Is there any solution to this Diophantine equation?

Question

Consider the equation $a^n+n=b^2$, where $(a,n)>2$ are positive integers. Is it true that there exist no integer solutions $b$ of this equation? Can one find a counterexample?

I am unable to do either.

Answer 1

The Diophantine equation $$ y^n=f(x) $$ for an irreducible polynomial $f$ with integer coefficients of degree $m\ge 2$ has only finitely many solutions, provided $(m,n)\neq (2,2)$. This is due to Carl Ludwig Siegel.
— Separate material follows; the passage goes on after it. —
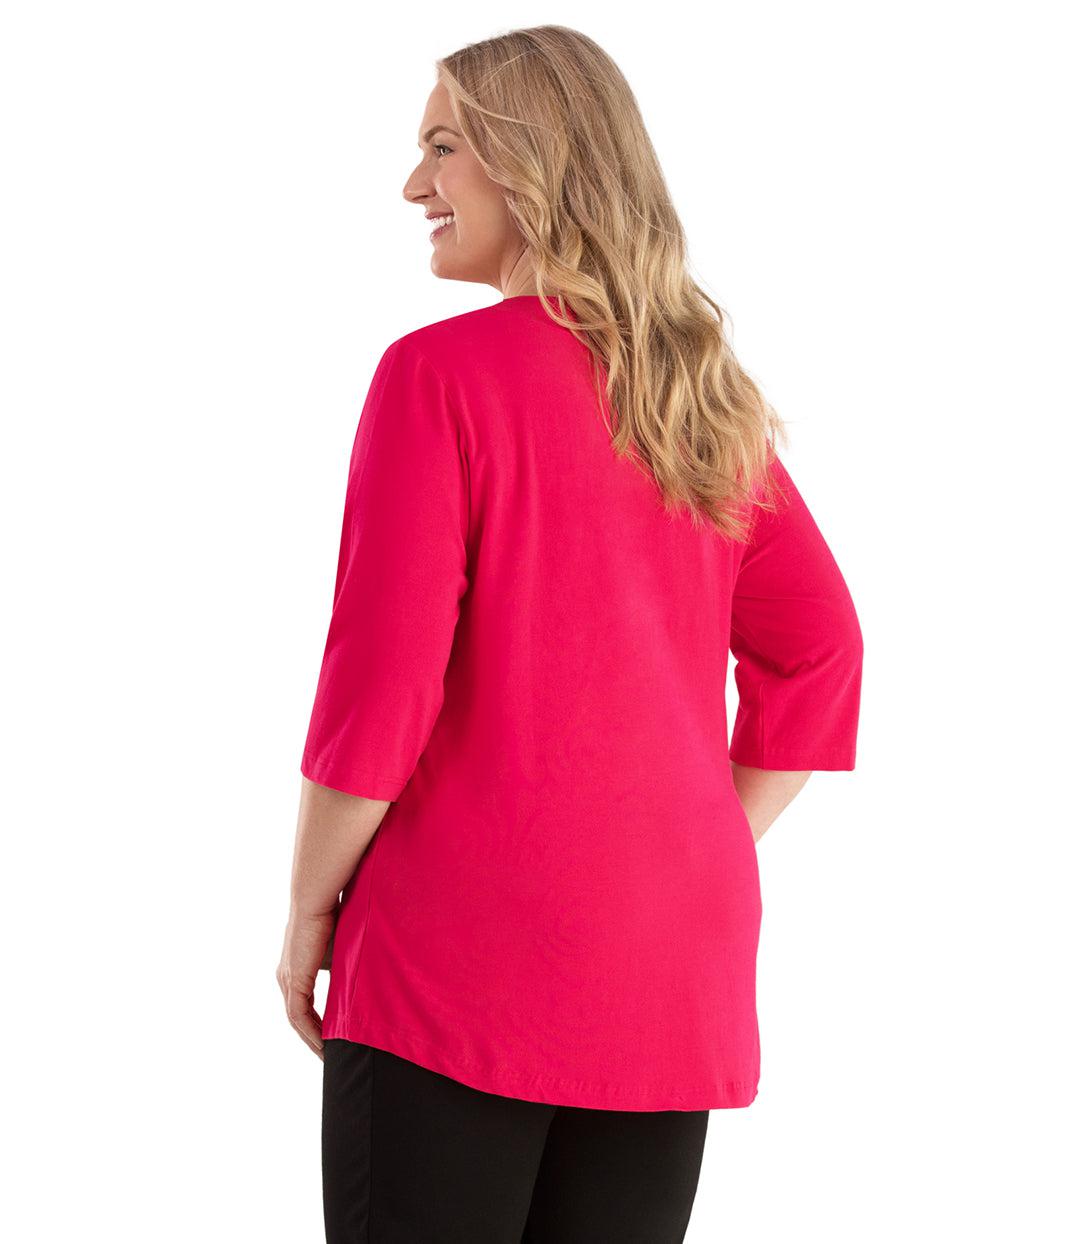 Plus size woman, facing back looking left, wearing JunoActive plus size Stretch Naturals Vee NeckTee in the color Pink. She is wearing JunoActive Plus Size Leggings in the color Black.

The following reference discusses the special case $f(x)=x^2+c$, which might be interesting.

Reference: see here.

Answer 2

This is also an extended comment

There are some bounds on sum of logs like Baker/Rhin studied, but I don't know if it can be generalized.

This would go like this:

$$\frac{b^2}{a^n}-1>\log(\frac{b^2}{a^n})=|2\cdot\log(b)-n\cdot\log(a)|$$

Using the bound $|µ_1\log (b)+µ_2\log (a)|\geq H^{-c}$ with $H=max(|µ_1|,|µ_2|)$) we would have

$$|2\cdot\log(b)-n\cdot\log(a)|>\frac 1{n^{c}}$$ $$\frac{b^2-a^n}{a^n}>\frac 1{n^{c}}$$ $$n=b^2-a^n>\frac {a^n}{n^{c}}$$ $$n^{c+1}>a^n$$

Knowing that $a>2$ and $c$ can be relatively small, the size of $n$ in the last inequality must also be very limited.